From the first line to the last, retype everything below exactly, minus the pictures.

*Material provided*.
•••••

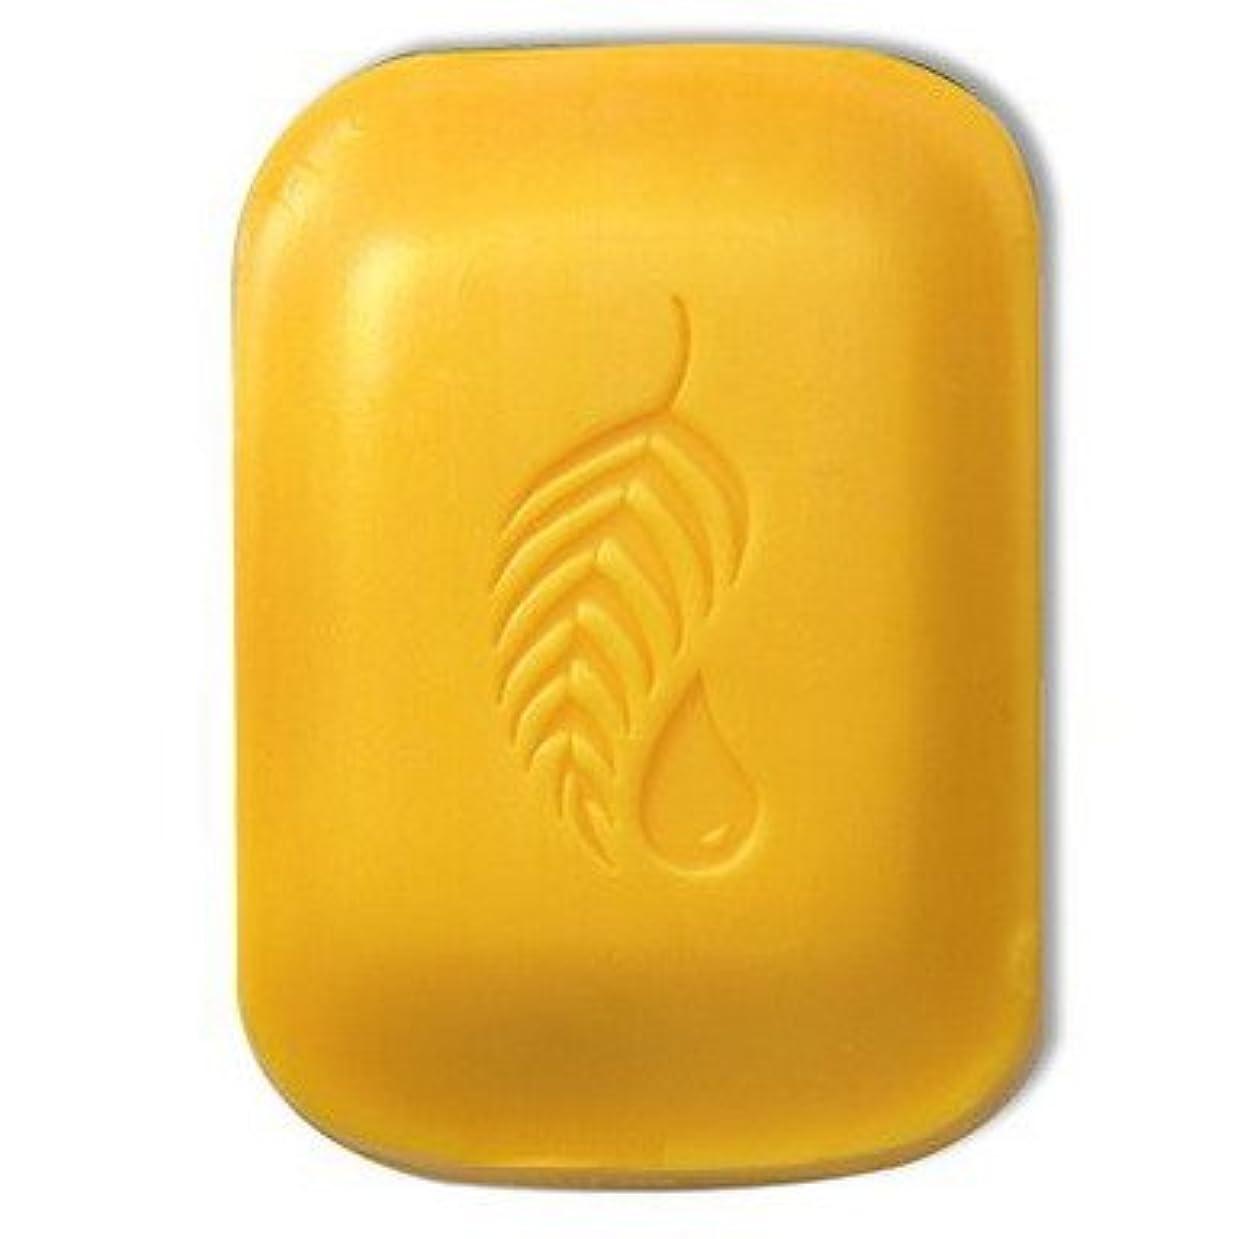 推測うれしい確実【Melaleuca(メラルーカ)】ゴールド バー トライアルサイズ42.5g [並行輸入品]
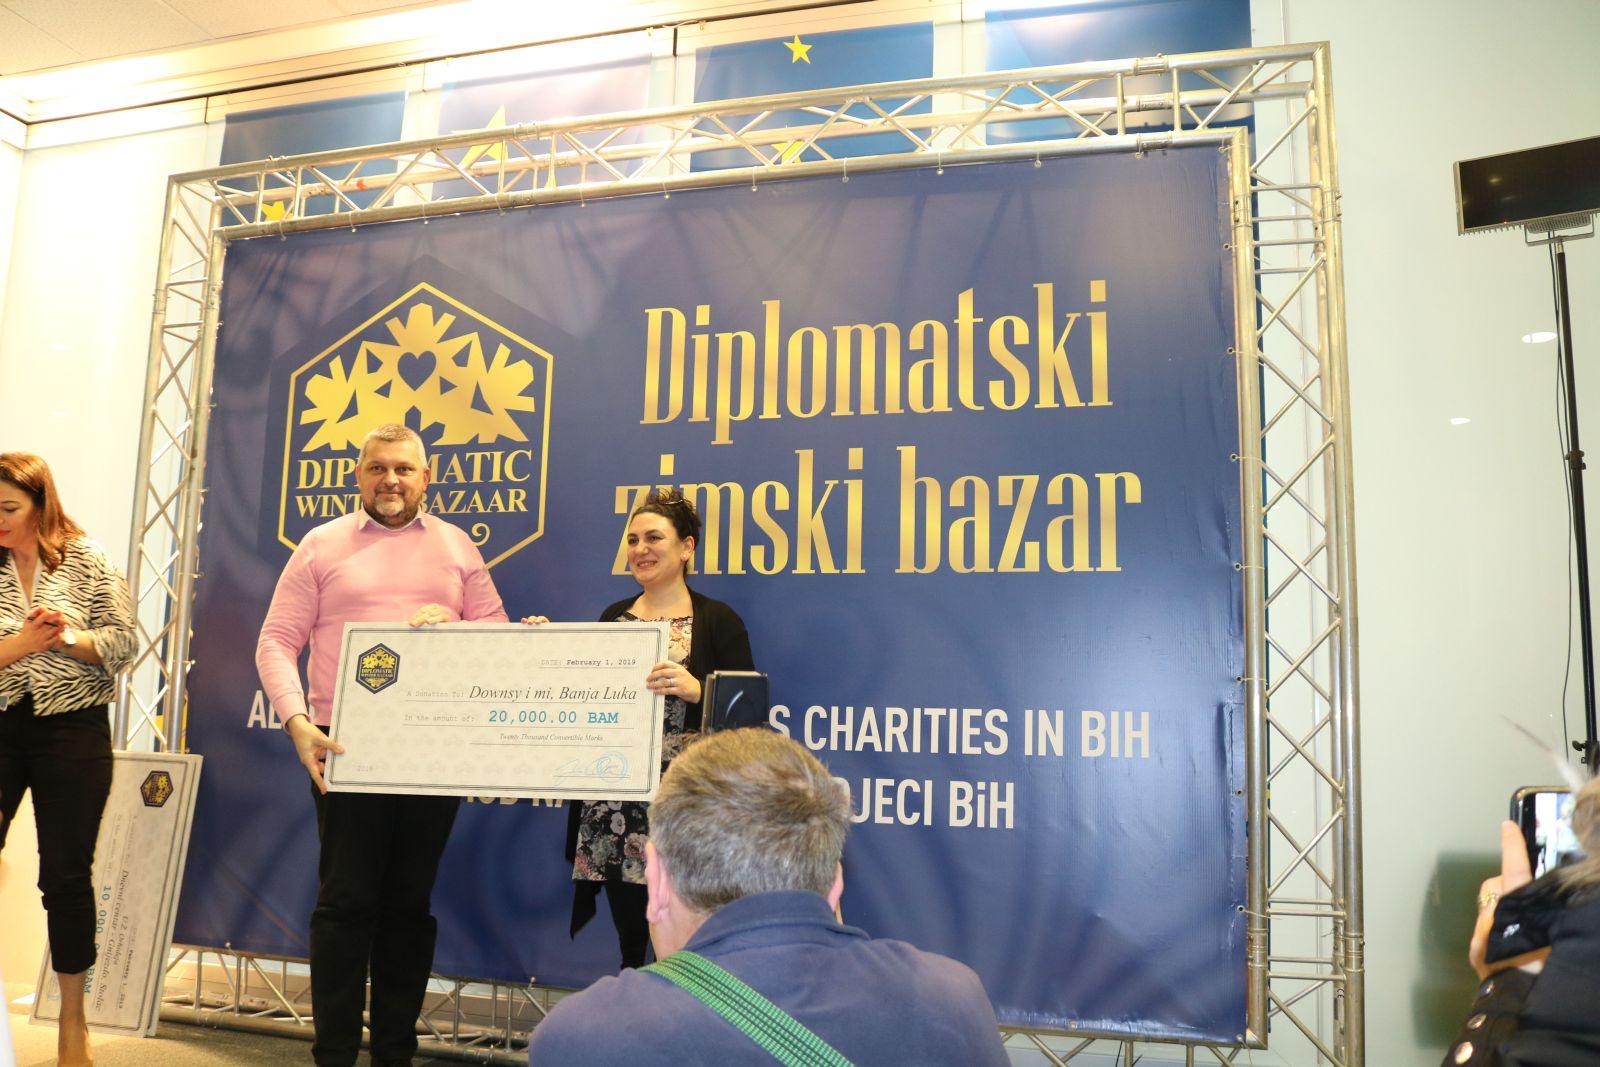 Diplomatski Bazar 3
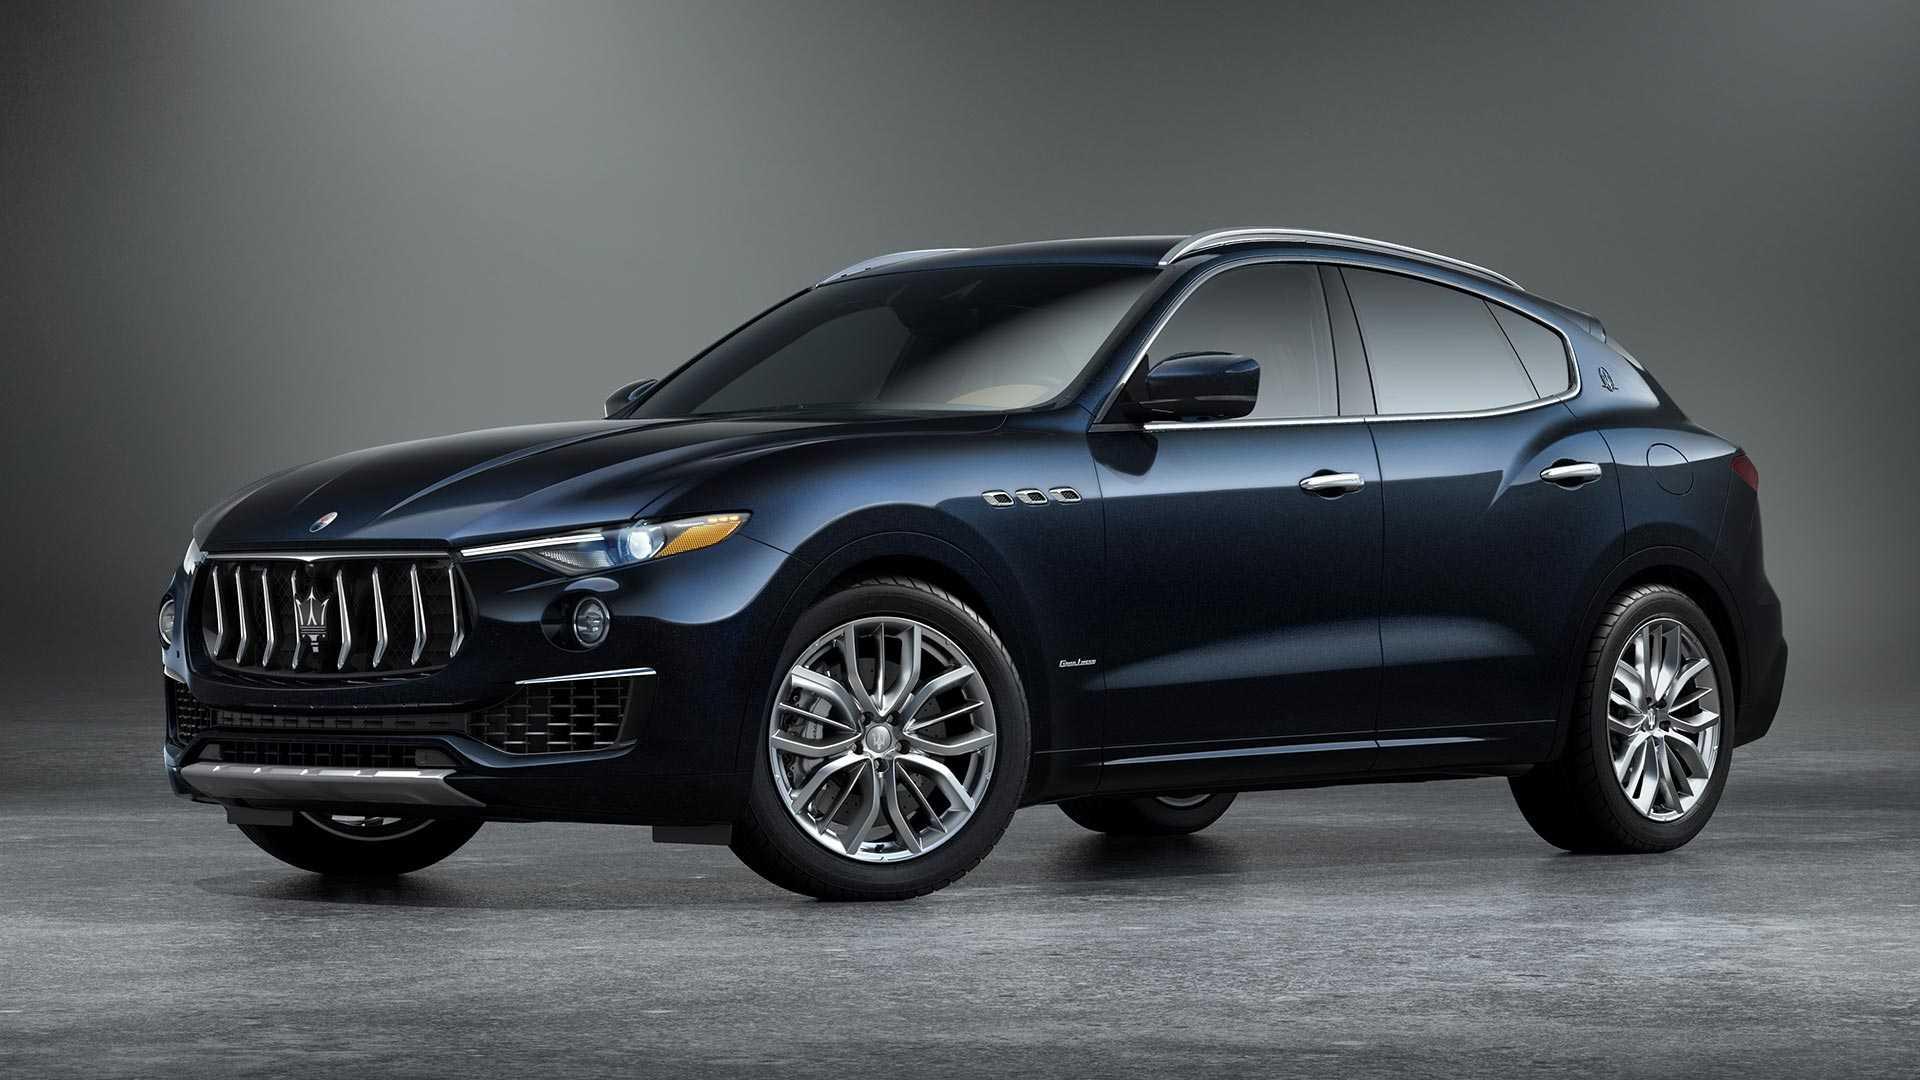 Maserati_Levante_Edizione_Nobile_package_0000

•••••

*Written response*.
 推測うれしい確実【Melaleuca(メラルーカ)】ゴールド バー トライアルサイズ42.5g [並行輸入品]
 Diplomatski Bazar 3
 Maserati_Levante_Edizione_Nobile_package_0000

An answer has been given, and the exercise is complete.